The present case illustrates the clinical characteristics associated to the mutation in the ABCC8 gene encoding SUR1 (MODY subtype 12). The disease was initially erroneously classified as type 1 DM despite negative pancreatic autoimmune test results.
Consideration of the case as corresponding to MODY was supported by the fact that, after diagnosis, the patient remained without insulin treatment for about three years, with no severe acute complications such as ketoacidosis, and also by the presence in her family of diabetes in at least three consecutive generations.

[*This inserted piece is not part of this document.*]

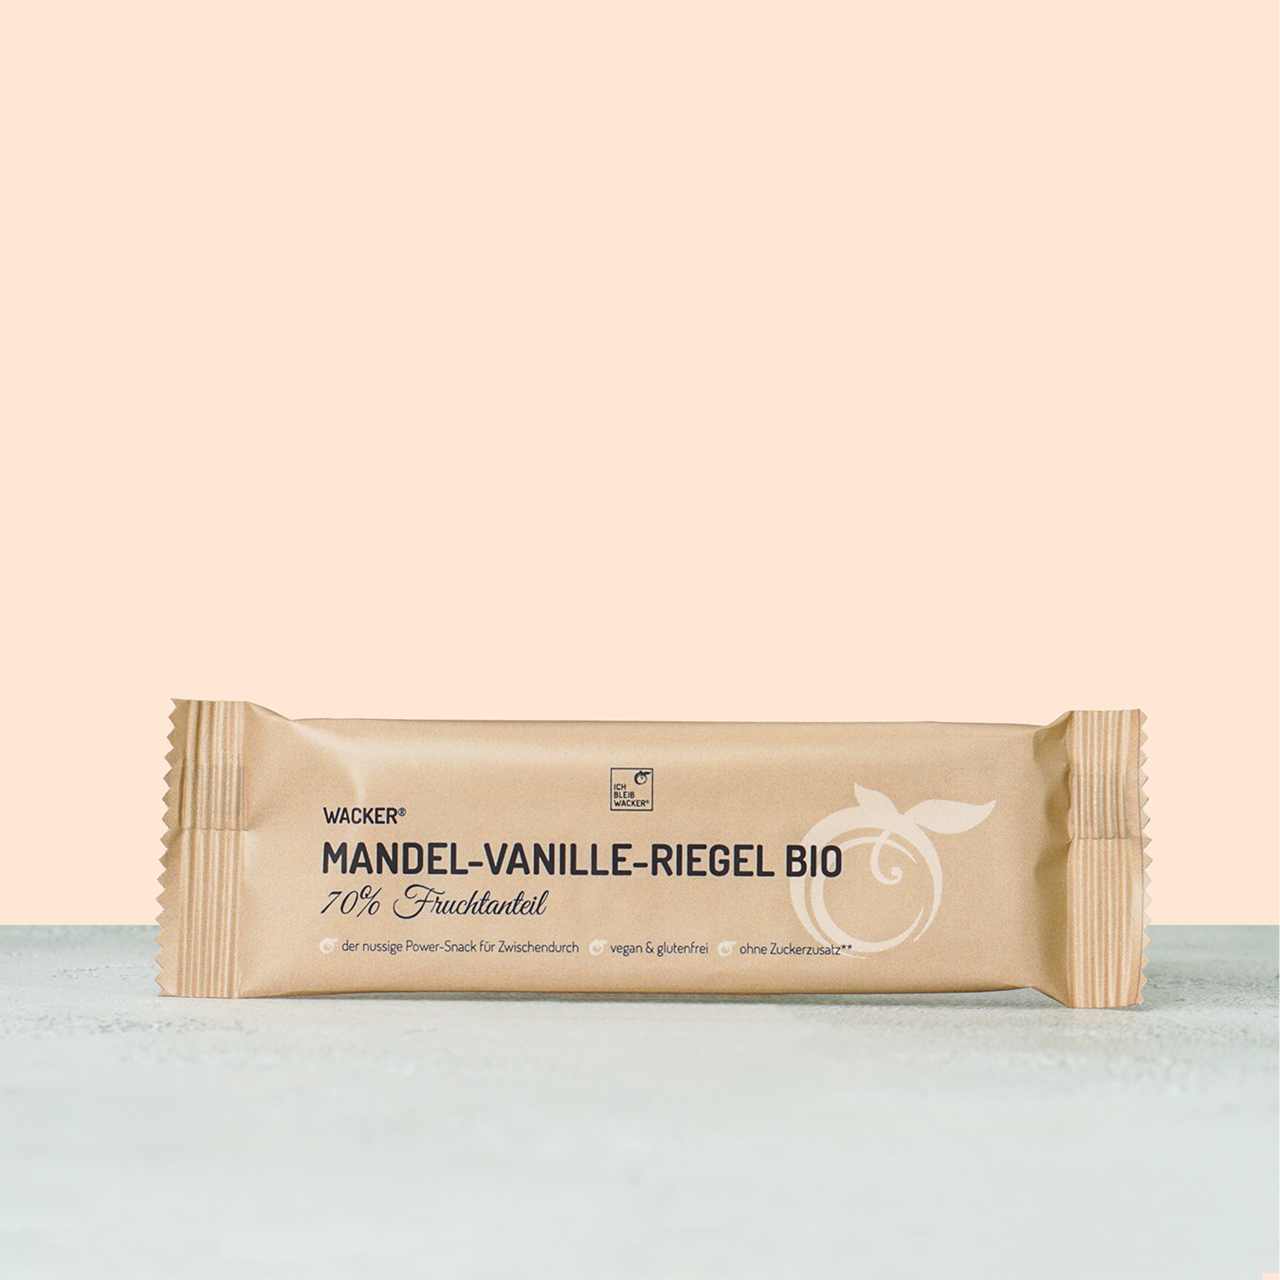 Wacker Mandel-Vanille-Riegel Bio, 40g

The genetic study revealed a heterozygous mutation in exon 13 of the ABCC8 gene. Identification of the MODY subtype is crucial for establishing appropriate treatment. In our patient, diagnostic confirmation allowed the discontinuation of insulin therapy, and thanks to the introduction of sulfonylureas, she improved her metabolic control with no hypoglycemia episodes, increased C-peptide, and decreased glycosylated hemoglobin levels.
Treatment with sulfonylureas in diabetes related to mutations in the ABCC8 gene is clearly beneficial for both patient quality of life and blood glucose control. A personalized diagnosis of non-classical forms of diabetes is essential for adequate management.
We thank the patient for placing her trust in us and for allowing us to make our experience with her case known.
Please cite this article as: Lanes Iglesias S, Ares Blanco J, Bellido Castañeda V, Sánchez-Ragnarsson C, Menéndez-Torre E. Efectividad del tratamiento con sulfonilureas en paciente con mutación en el gen ABCC8 (MODY12). Endocrinol Diabetes Nutr. 2020;67:682–683.